Southside Virginia has the most shovel-ready industrial sites in the state, thanks to recent upgrades in classification for numerous pieces of land.
A total of 19 sites in Danville and Pittsylvania County were bumped up from tier-two to tier-four or tier-five sites under classification by the Virginia Business Ready Sites Program, said Linda Green, executive director of the Southern Virginia Regional Alliance.
“Southside Virginia leads the commonwealth in the number of prepared sites, one of the reasons for the success they are achieving in business attraction,” the alliance stated in a news release last week. “The strategy by local elected officials, government and economic development staff to keep an inventory of ready sites that serve diverse industries leads to sites that are ready to market for prospects who need to ensure that the risks of building on the sites have been assessed and minimized.”
Of the 19 sites that went up in classification in Danville and Pittsylvania County, 15 went from tier two to tier four, and four went from tier two to tier five, Green said. Those sites total 665 acres.
Also, eight sites in Halifax County and one in Patrick County received upgrades. Those two localities are also served by the Southern Virginia Regional Alliance.

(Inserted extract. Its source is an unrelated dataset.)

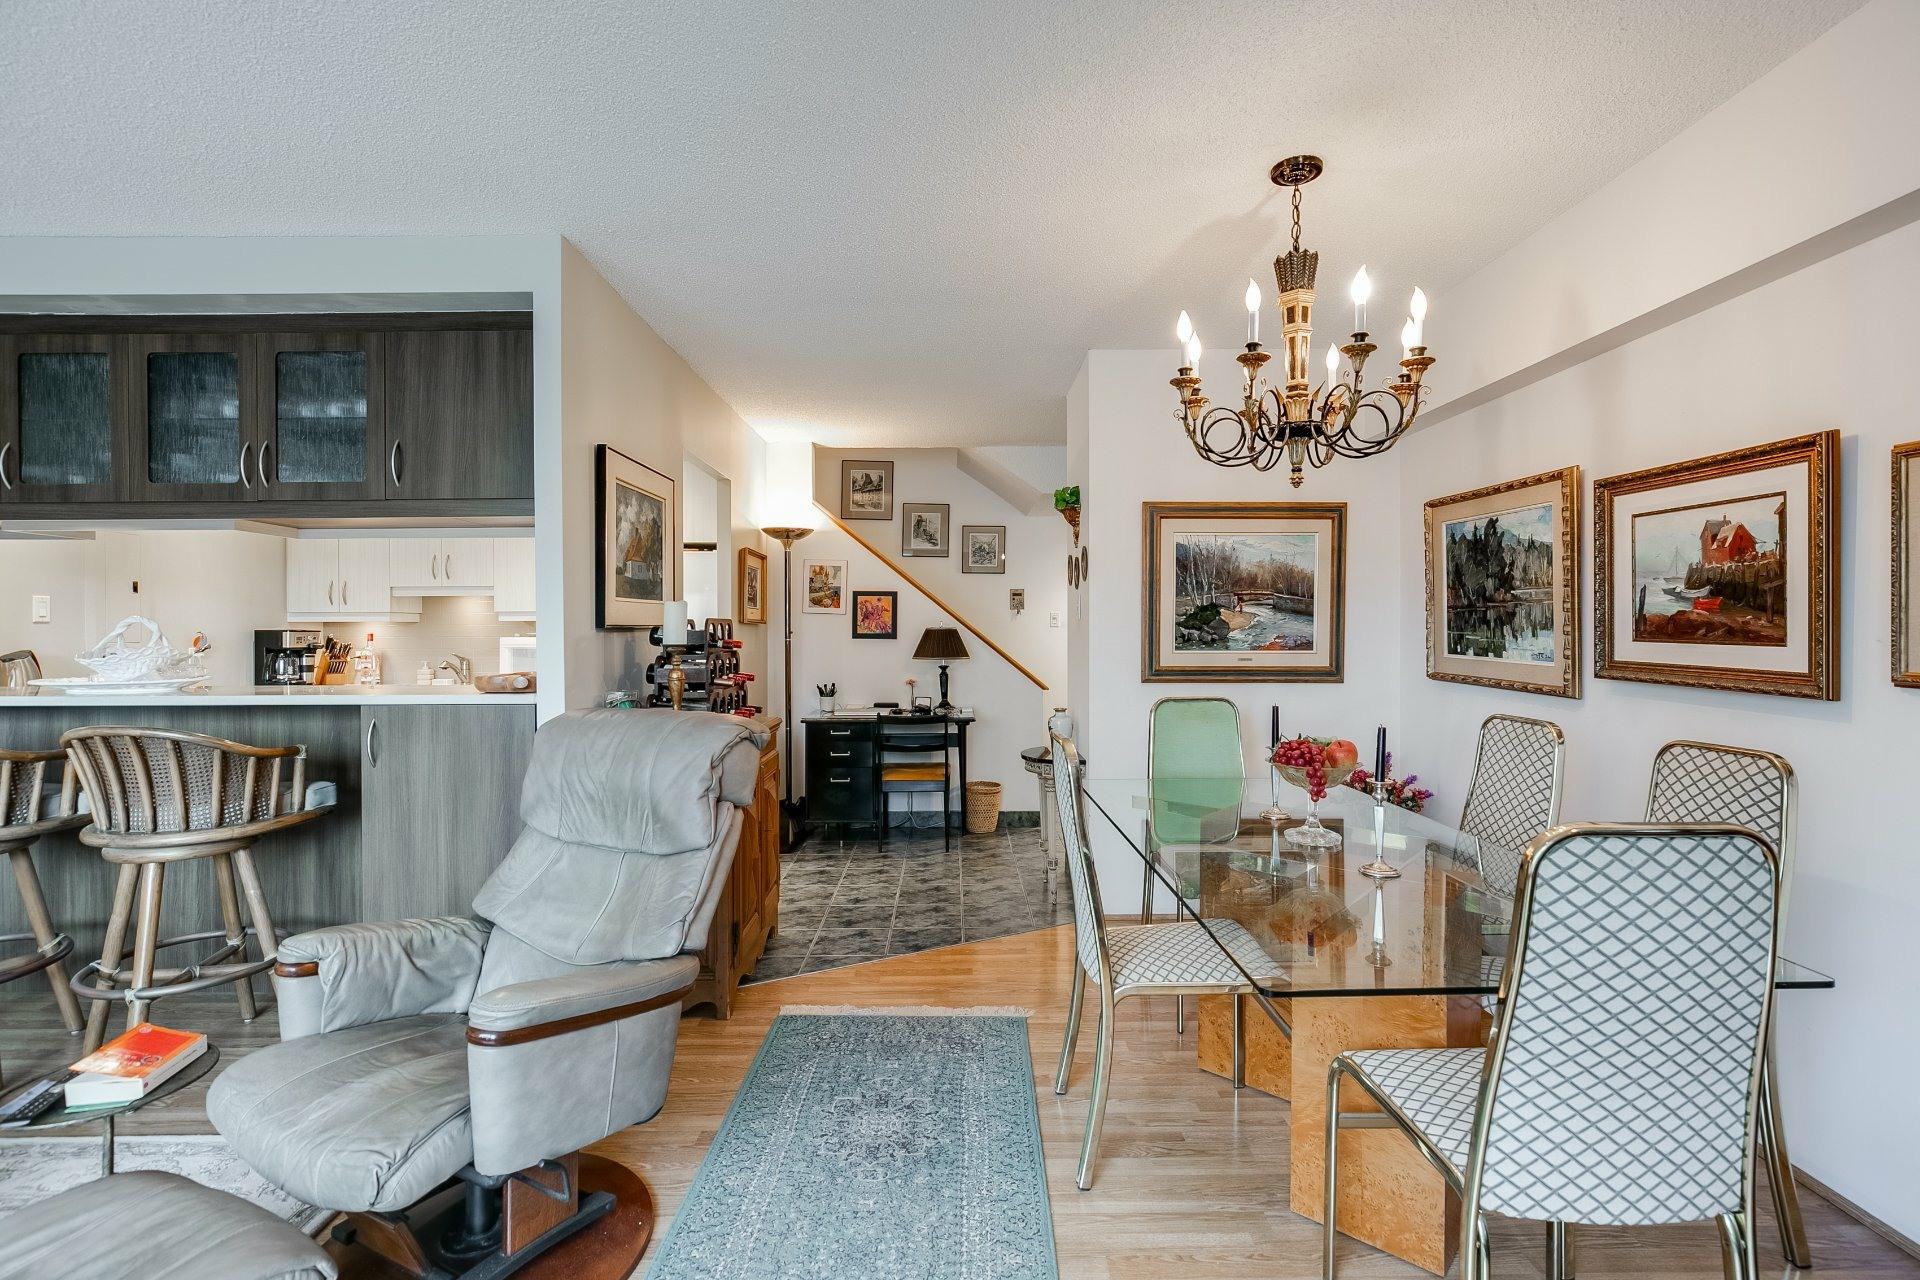 image 8 - Appartement À vendre Verdun/Île-des-Soeurs Montréal  - 6 pièces

The Southern Virginia Regional Alliance’s service region has worked with the engineering firms of Dewberry and Reynolds and Clark (now Hurt & Proffitt) to complete right-of-way and engineering and building for reliable, redundant and abundant sites across the region.
The Virginia Business Ready Sites Program was developed by a group of engineering firms and consulting firms to look at what it takes to have sites shovel-ready, or prepared for companies to locate there.
The program has a five-tiered system of classifying the readiness of industrial sites in a Virginia locality.
A tier-one site is one that has just been identified for development and has no sales price.
A tier-two site is under ownership, either public, private or public-private, and has been identified in a comprehensive plan for industrial use.
Tier three includes sites that have been zoned and has had basic due diligence performed.
Sites under tier four are prepared for development including building or construction that can take place in 12 to 18 months, with all plans completed by licensed professional engineers.
Tier-five sites have been graded and include a pad.
The four sites that moved up recently to tier five include sites at Airside Industrial Park, Cane Creek Centre Industrial Park, the Cyber Park and Ringgold East Industrial Park.
The 3,500-acre Southern Virginia Megasite at Berry Hill is considered a tier-four park, with a nearly 200-acre pad classified as tier five.
A major part of the process of getting a site ready for development is conducting environmental and engineering studies.
“All of these different engineering and environmental studies have to be done before the company can move forward,” Green said. “When you complete those, that would signify to them you have mitigated the risk for the company.”
As for dealing with tier-four and tier-five sites, sometimes a locality wants to go ahead and grade a pad for a fast-moving company. However, it may be best to wait in some cases until the industry’s particular needs are known, Green said.
The Southern Virginia Regional Alliance received about $1.5 million from GO Virginia Region 3 and $454,100 from the Virginia Tobacco Commission to enhance the preparation of sites in areas with transportation assets including rail and highway access, utilities with a significant supply of natural gas, electricity and water, along with a demonstrated labor pool and workplace pipeline.